***** Data section
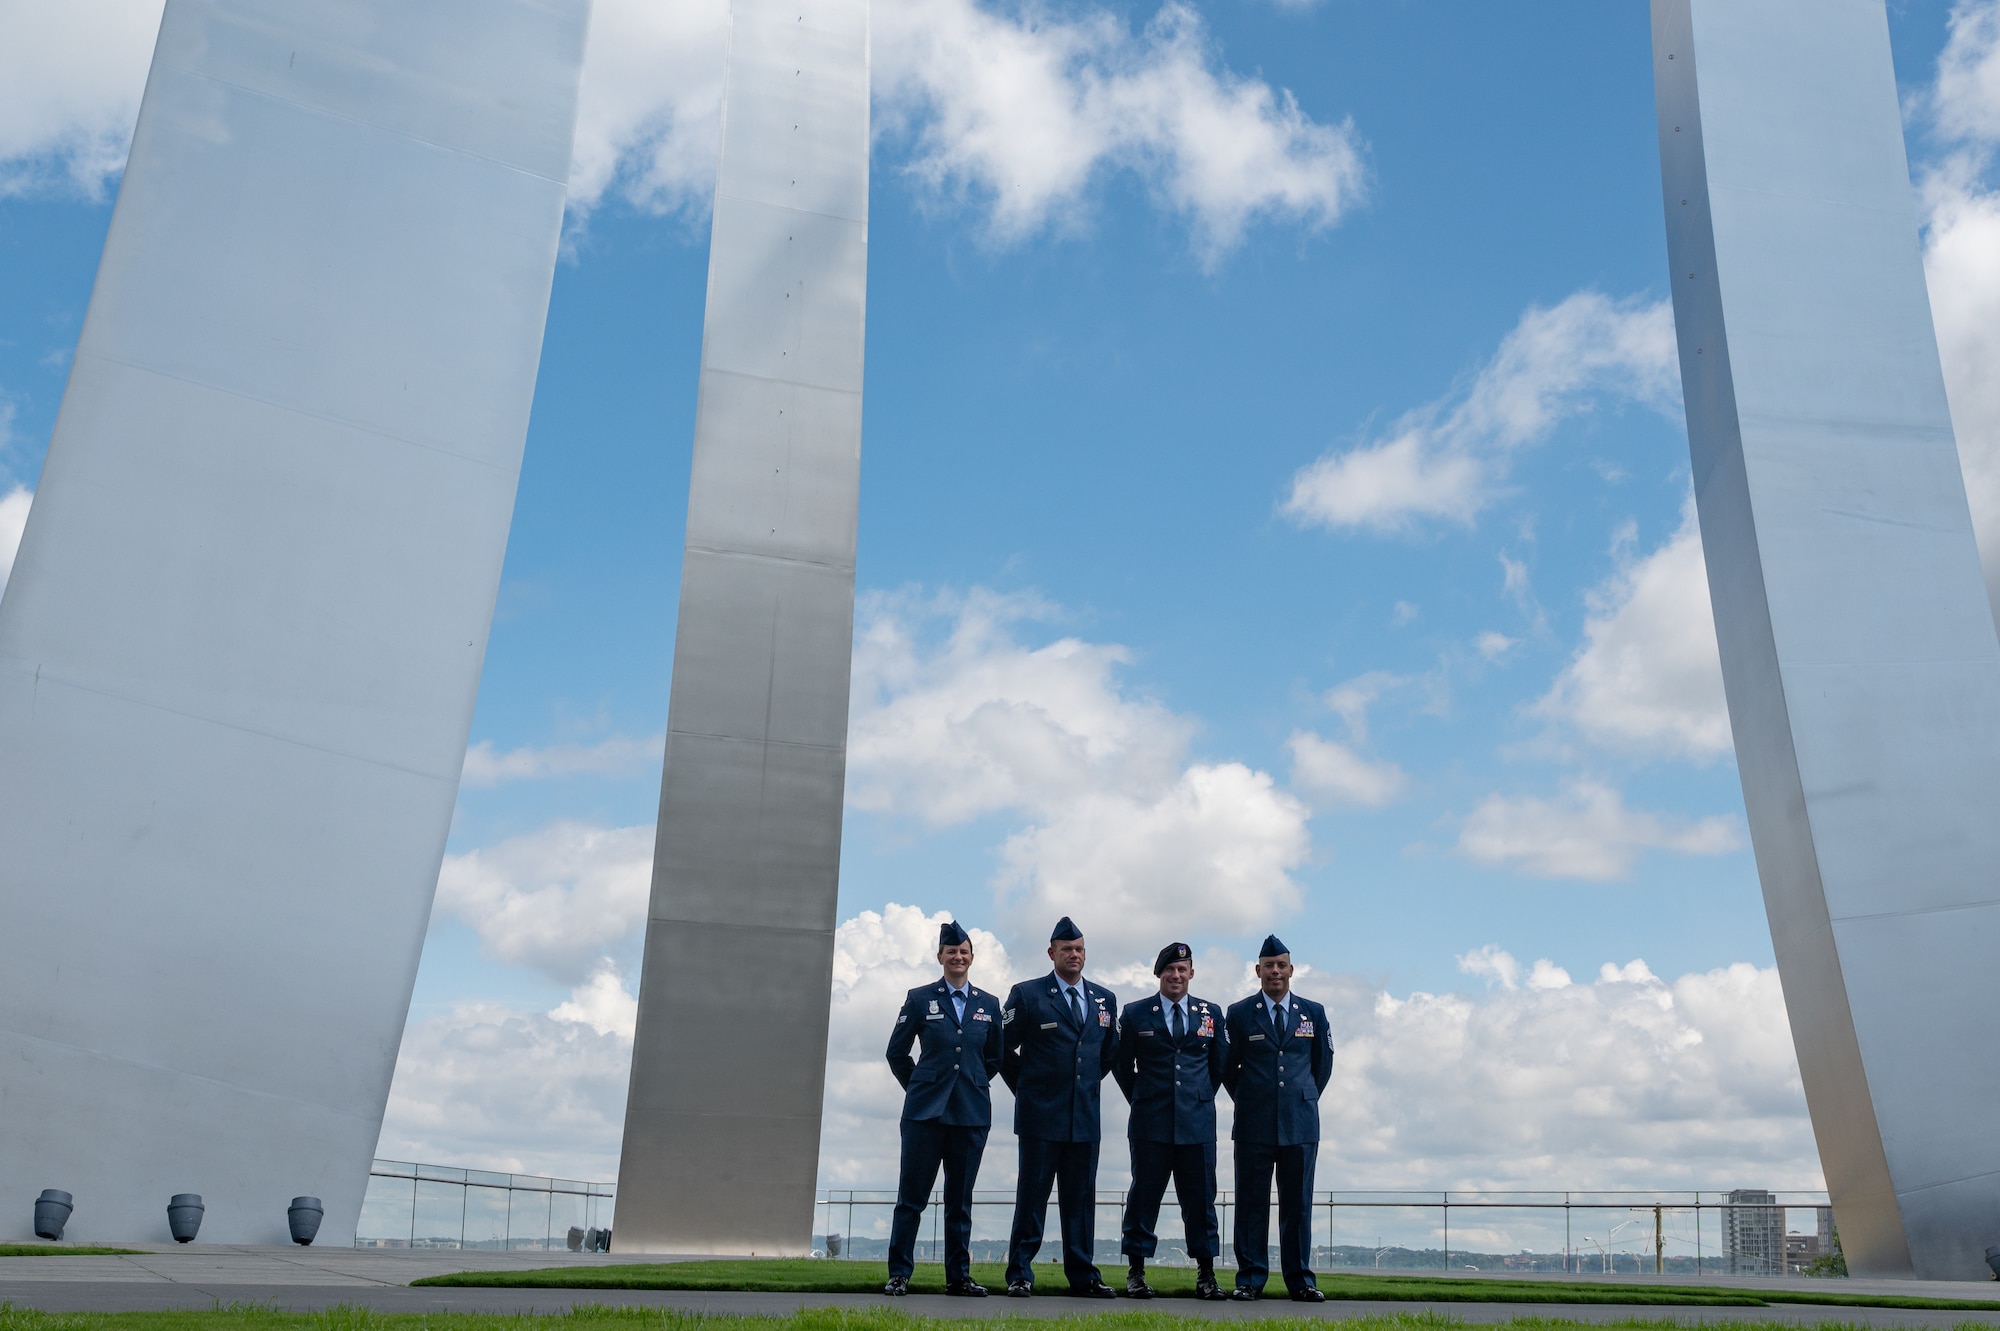 From left: U.S. Air Force Senior Airman Kristina L. Schneider, of the 179th Airlift Wing, Ohio National Guard; Tech Sgt. Brett A. Yoakum, of the 164th Airlift Wing, Tennessee National Guard; Master Sgt. Daniel P. Keller, of the 124th Fighter Wing, Idaho National Guard; and Senior Master Sgt. Jonathan Sotomayor, of the 125th Fighter Squadron, Florida National Guard, pose for a photo at the Air Force Memorial, Arlington, Virginia, on Aug. 22, 2022.
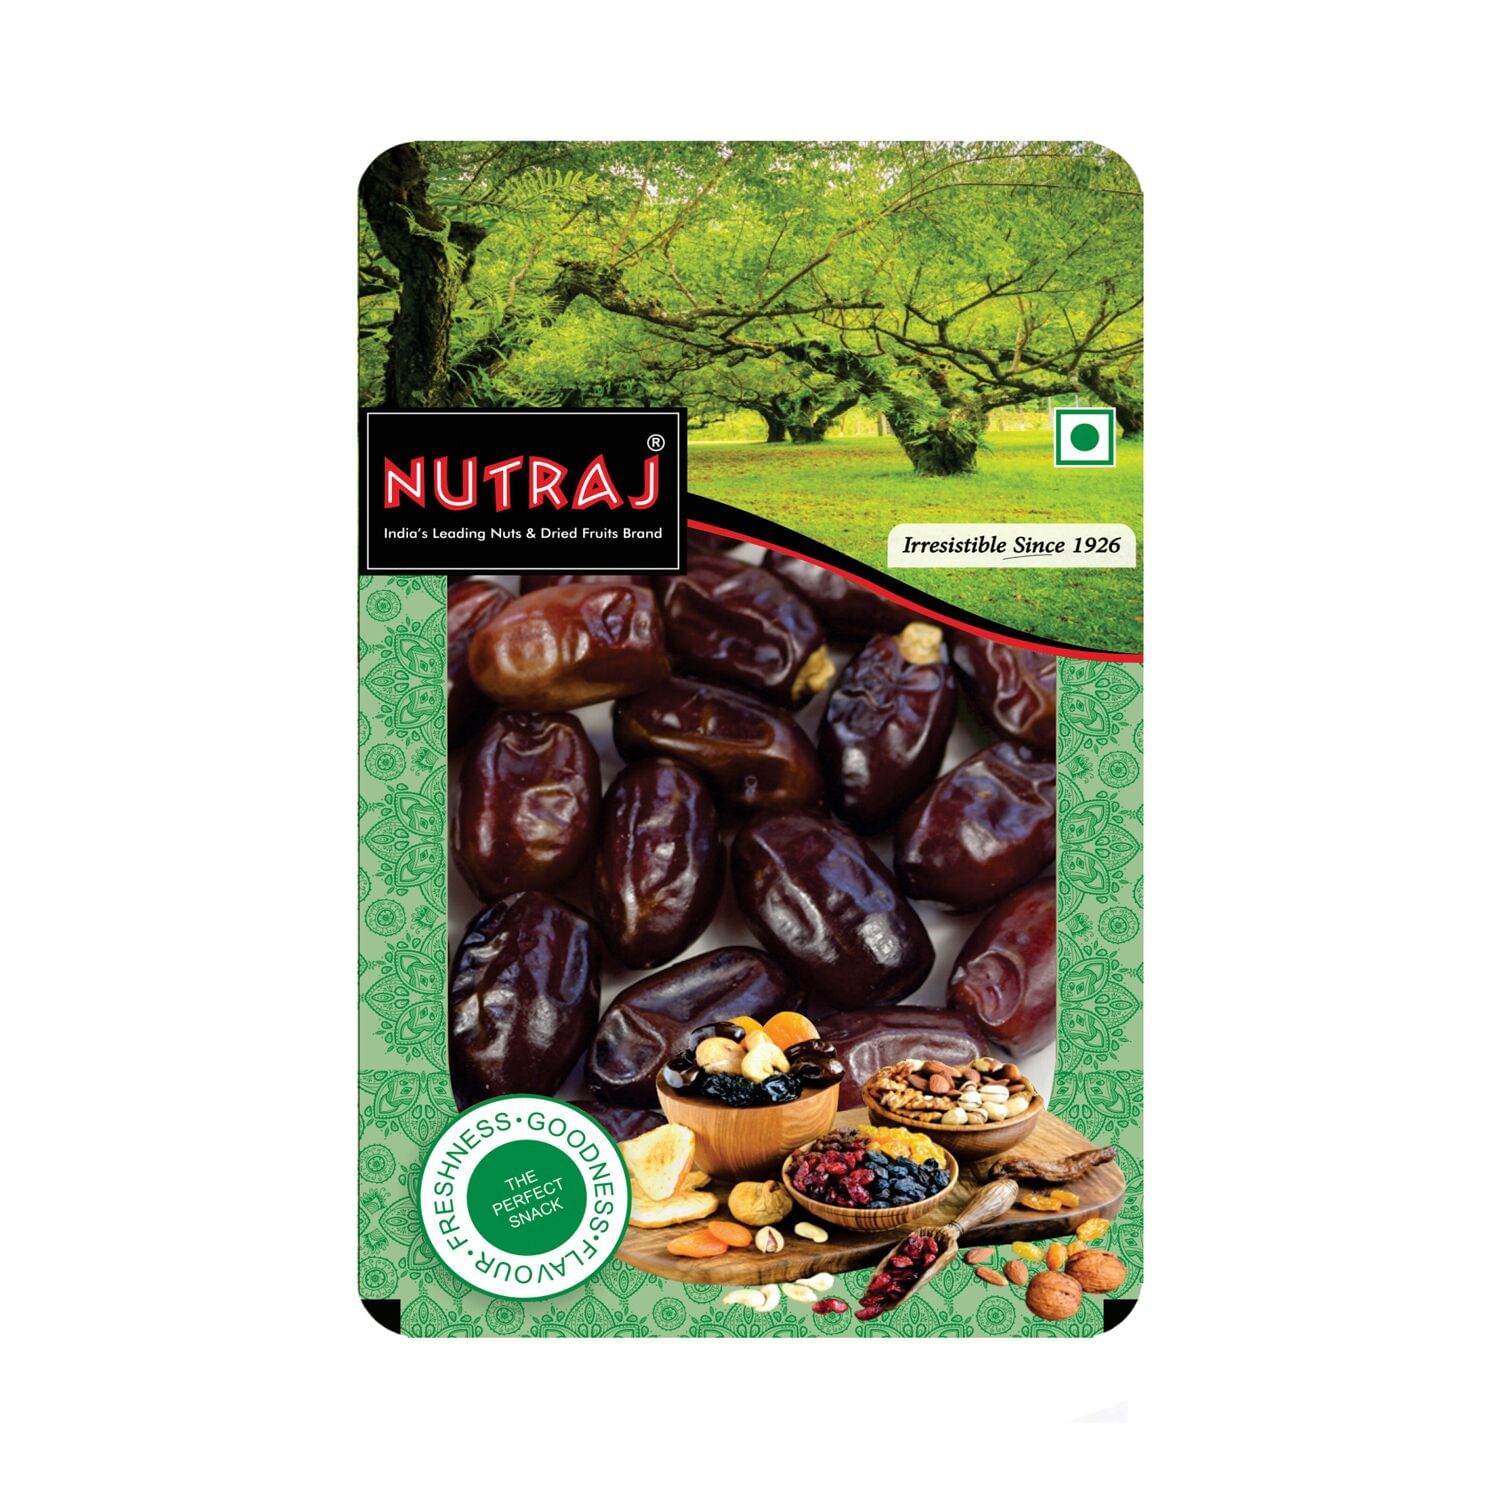 Nutraj Figs and Dates Tray - 400g (200g Each)
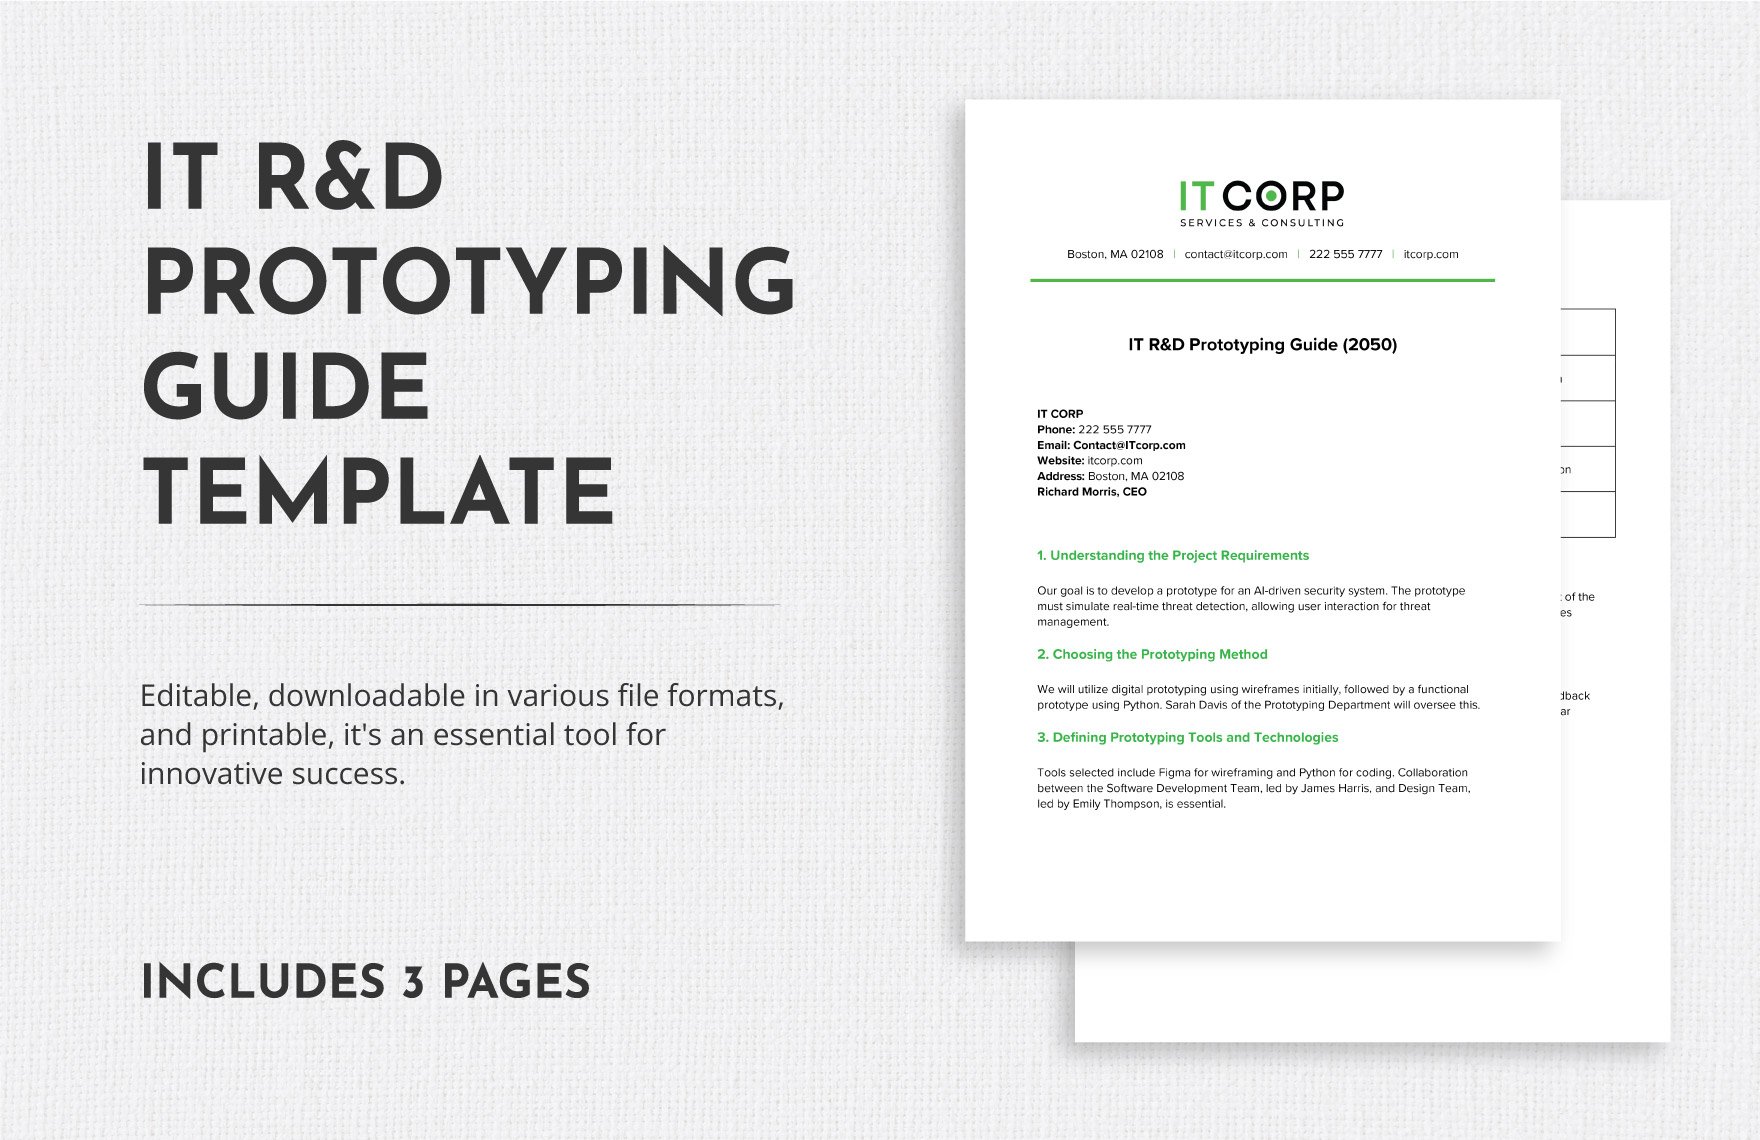 IT R&D Prototyping Guide Template
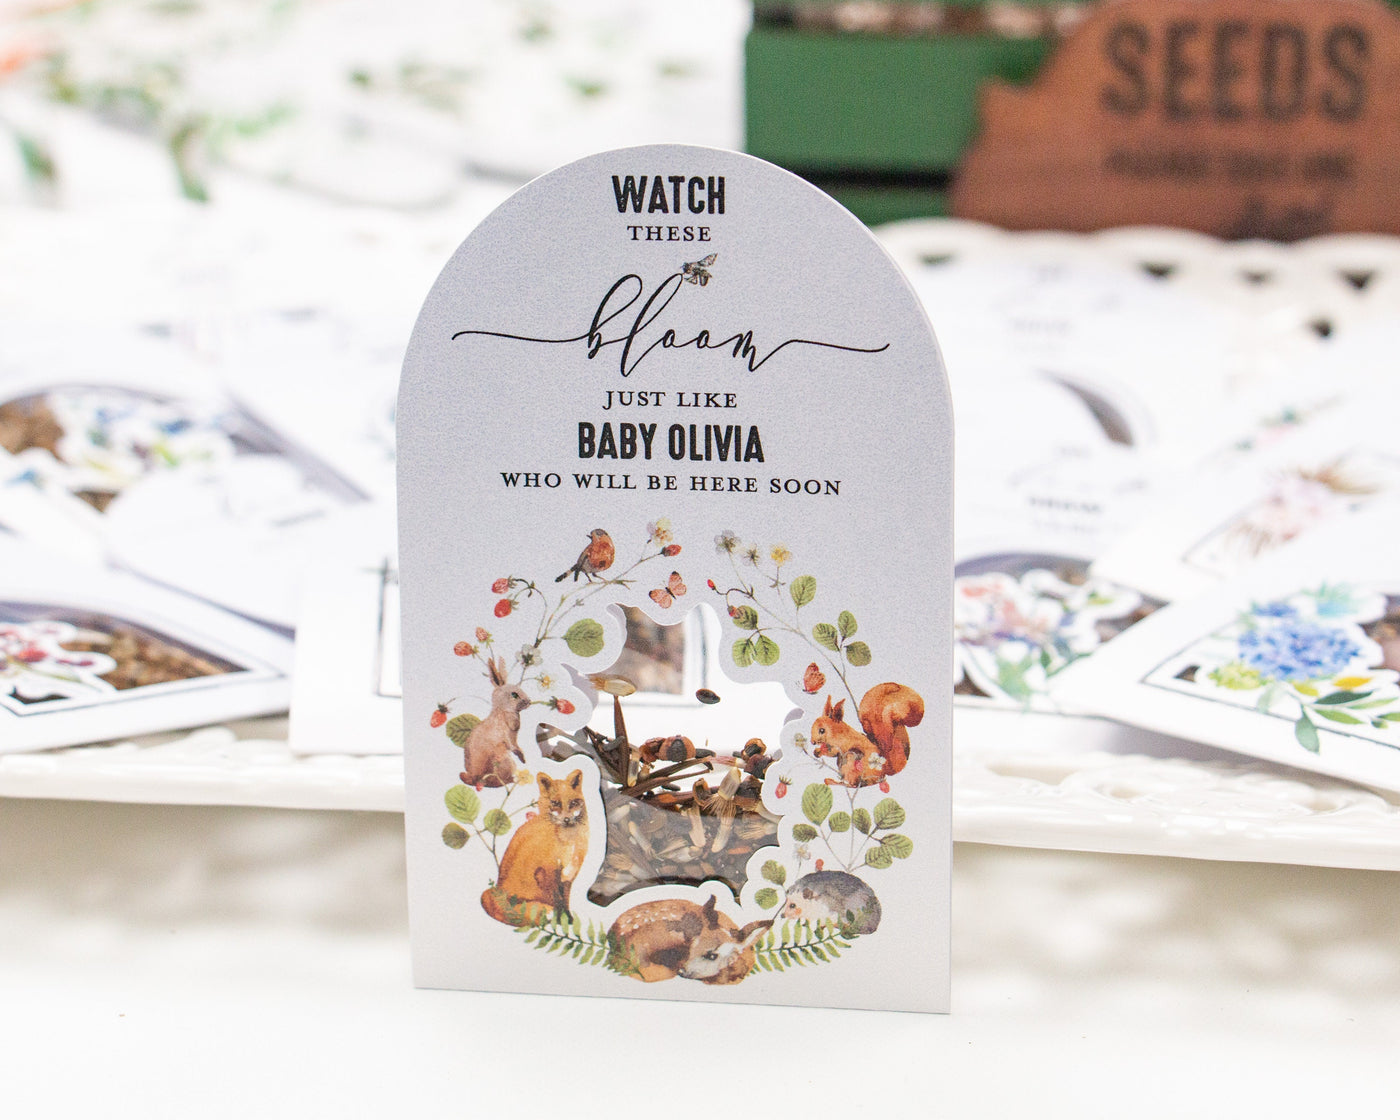 Baby in Bloom Wildflower Autumn Seed Packet Favors, Baby Shower Favor, With  Or Without Seeds
**********
Everything from the line containing "Nutraj Figs and" through the final line of the material must be set down exactly, except the pictures.

 Nutraj Figs and Dates Tray - 400g (200g Each)
 IT R&D Prototyping Guide Template
 Baby in Bloom Wildflower Autumn Seed Packet Favors, Baby Shower Favor, With  Or Without Seeds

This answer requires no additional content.